Douglas Canning Vosper

 

Douglas Vosper was one of those rare people who, when he took or acquired a photograph actually wrote on the back a description of the picture with names and dates. He also wrote many articles for local papers and few letter pages were complete without a contribution from Douglas.

Douglas Canning Vosper died on 28th December 1983 aged 73.

 

The local paper (Saltash Journal) to which he frequently contributed wrote:-

Mr. Vosper was born in Saltash and attended Miss Ivery’s Private School before going on to Queen's College, Taunton. On leaving school he became an apprentice in his father's clothing firm, Vosper & Knight. Continuing ill-health and rheumatic fiver as a child left him with a damaged heart so he was unable to take any active part in World War II. He became Scout Master of the Second Saltash Troop and later District Scout Commissioner. He formed a Fire Fighting Unit with the Scout Troop and on one occasion during the blitz he was relieved from his turn at working the pumps by one of his Scouts, Donald Cummings who was tragically killed shortly afterwards when a bomb fell nearby.

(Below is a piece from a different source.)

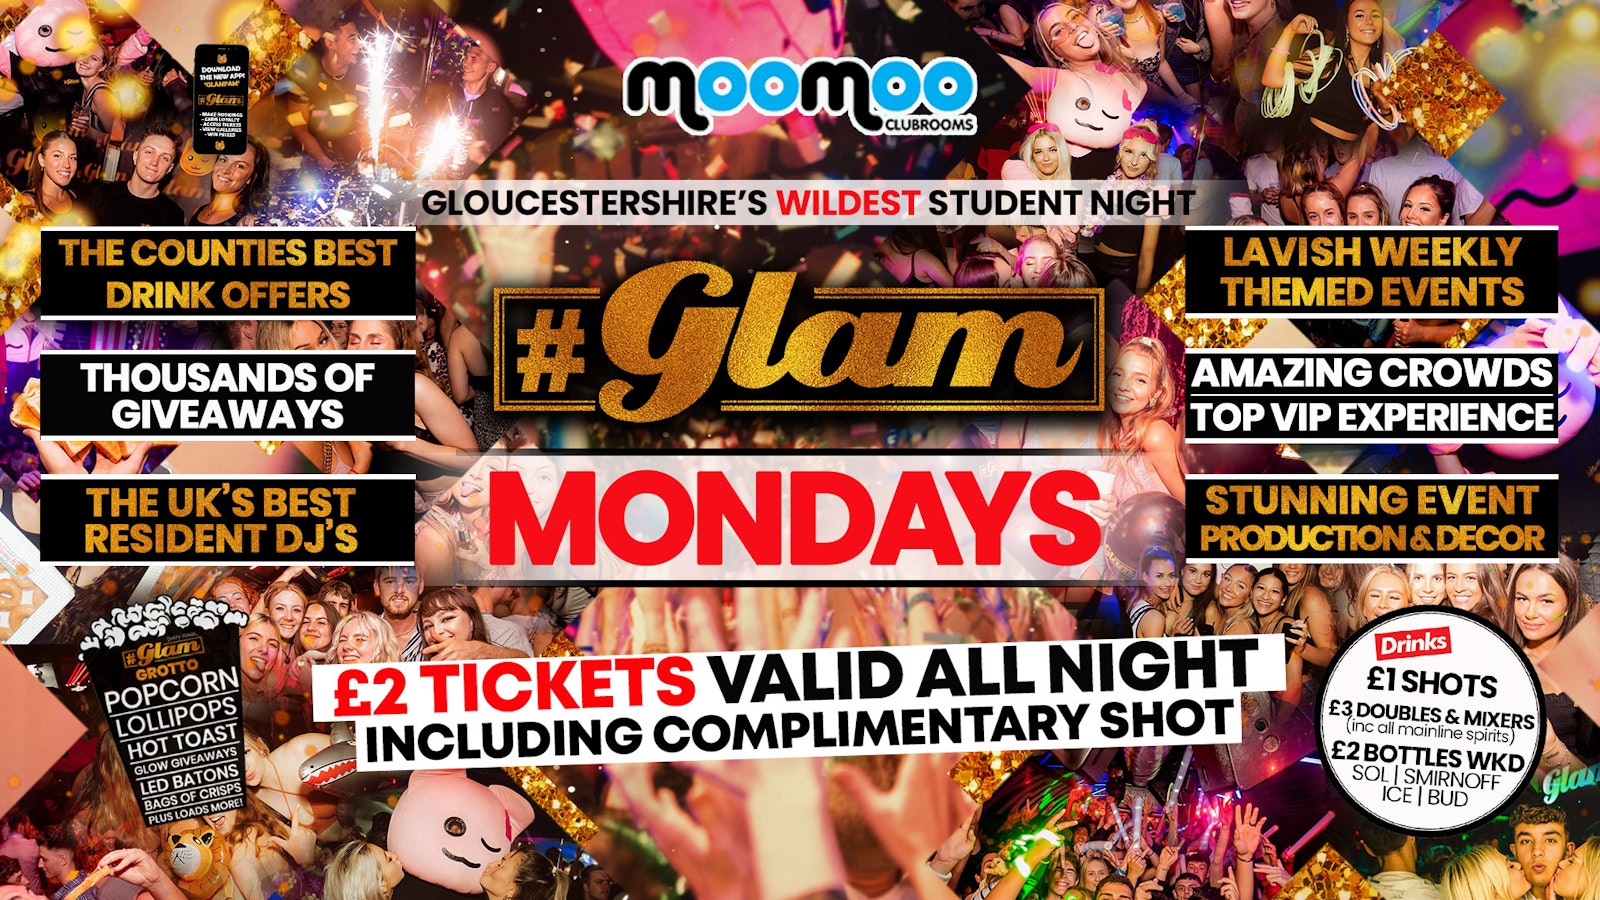 Glam – Gloucestershire’s Biggest Monday Night 😻 £2 TICKETS WITH SHOT VALID ALL NIGHT! 🐾

Mr. Vosper gained the BEM and the Scout Bronze Cross for his work

during the blitz. Later he joined the Auxiliary Fire Service. He retired from work in the mid-sixties through ill health.

Married, with two children (his son died), Mr. Vosper had always been a keen and prolific writer and completed several books among them "A Glimpse of Saltash", three "Saltash Remembered" books and a history of the local Methodist Church. He was a Cornish Bard with the Bardic name Scoswas en Balores (meaning defender of the Cornish chough). It was through Mr. Vosper's inter­vention that the legs and the beak of the chough on ambulances and on the Tamar Bridge coat-of-arms were re-painted the correct colour. Mr. Vosper also brought about the stamping of letters posted in Saltash to include the wording "Plymouth and East Cornwall".

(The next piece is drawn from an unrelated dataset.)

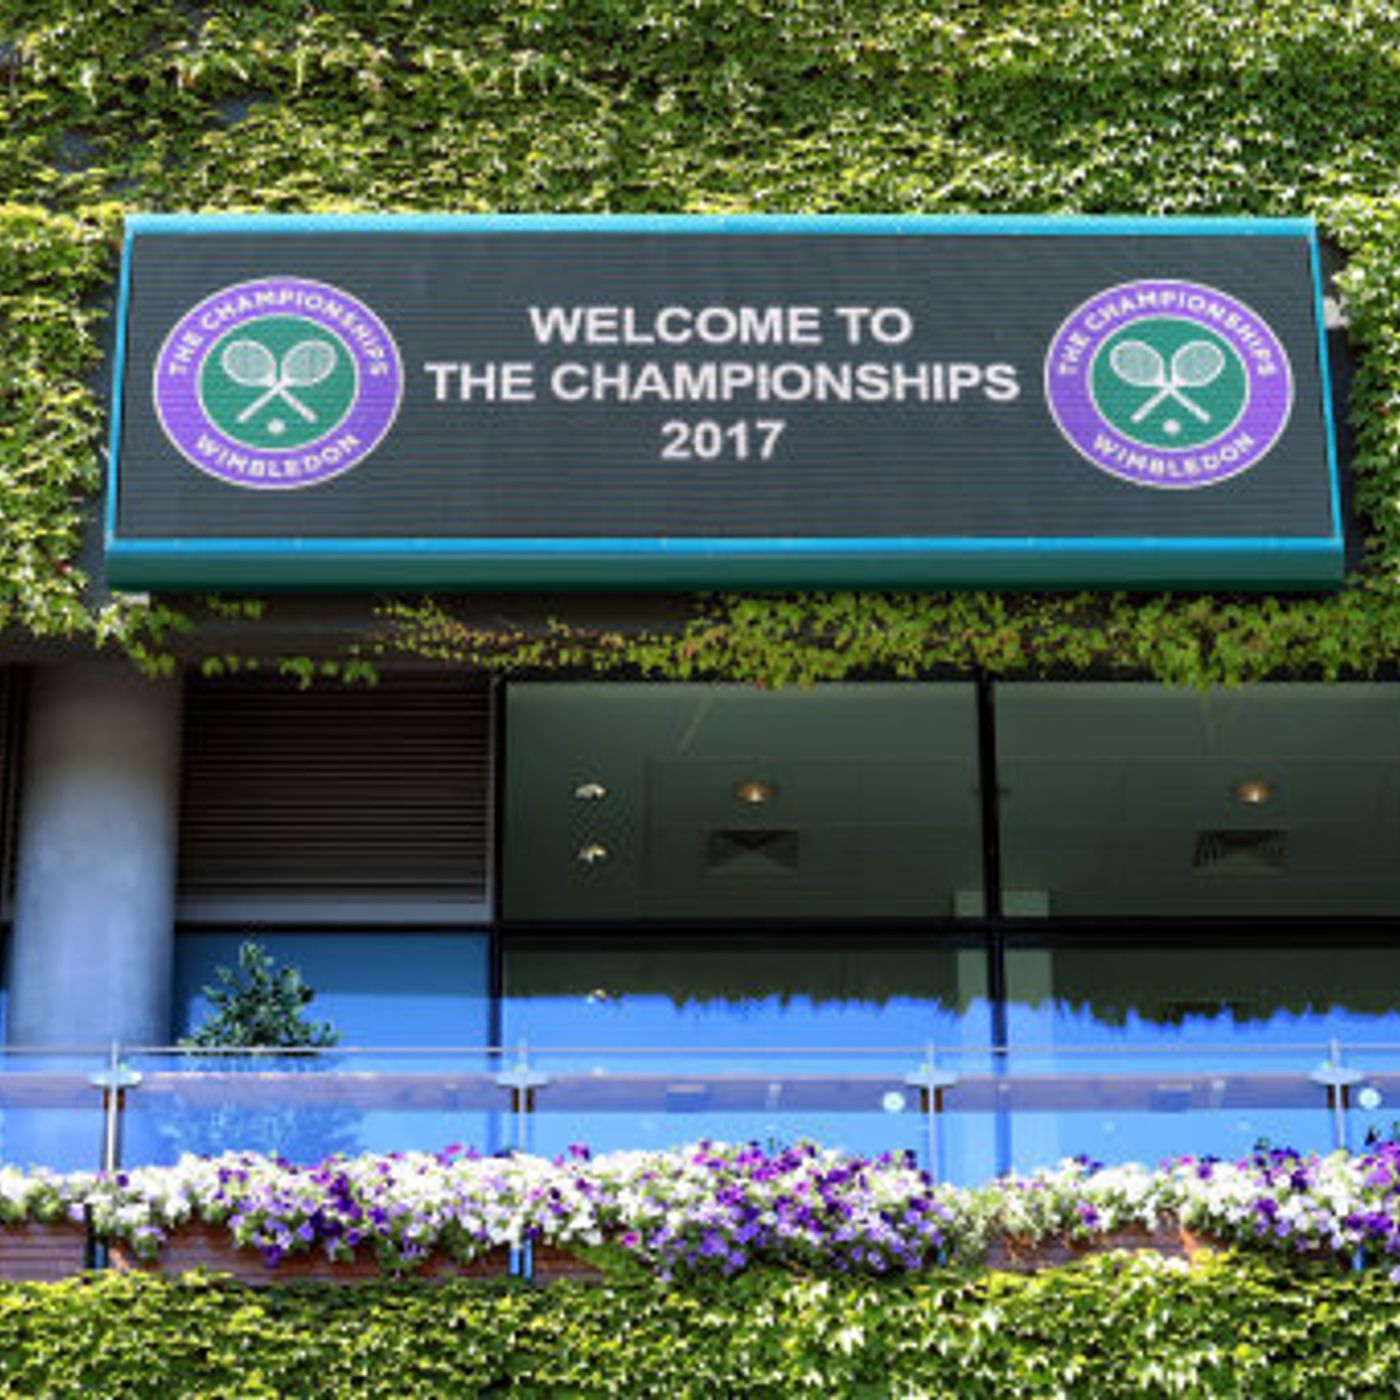 Wimbledon 2017 with William Hill

He was a life vice-president of the Saltash Old Cornwall Society, and a collector for 38 years for the RNLI and its secretary at Saltash from 1935 to 1968.

Mr. Vosper had, been a life-long member of the Methodist Church and was a Trustee and Steward for various sections of the church.

He owned the first open-top M.G. car in Cornwall and took part in the London to Land's End Rally. His other interests included membership of the Plymouth Philatelic Society, the Cornwall Methodist Historical Association and the Trevithick Society. He was a train enthusiast and a keen supporter of the Celtic Frontier Children's Choir.

Mr. Vosper used to write the Scout and Guide News in The Cornish Times until 1950 under the pen-name of "Guisco". He contributed many articles of local historical interest to newspapers over the years and was often asked to speak on various topics at schools and to local organisations.

Mr. Vosper leaves a widow, Mrs. Muriel Vosper, and a married daughter, Bronwen with two grandchildren.

He will be greatly missed by people in all walks of life.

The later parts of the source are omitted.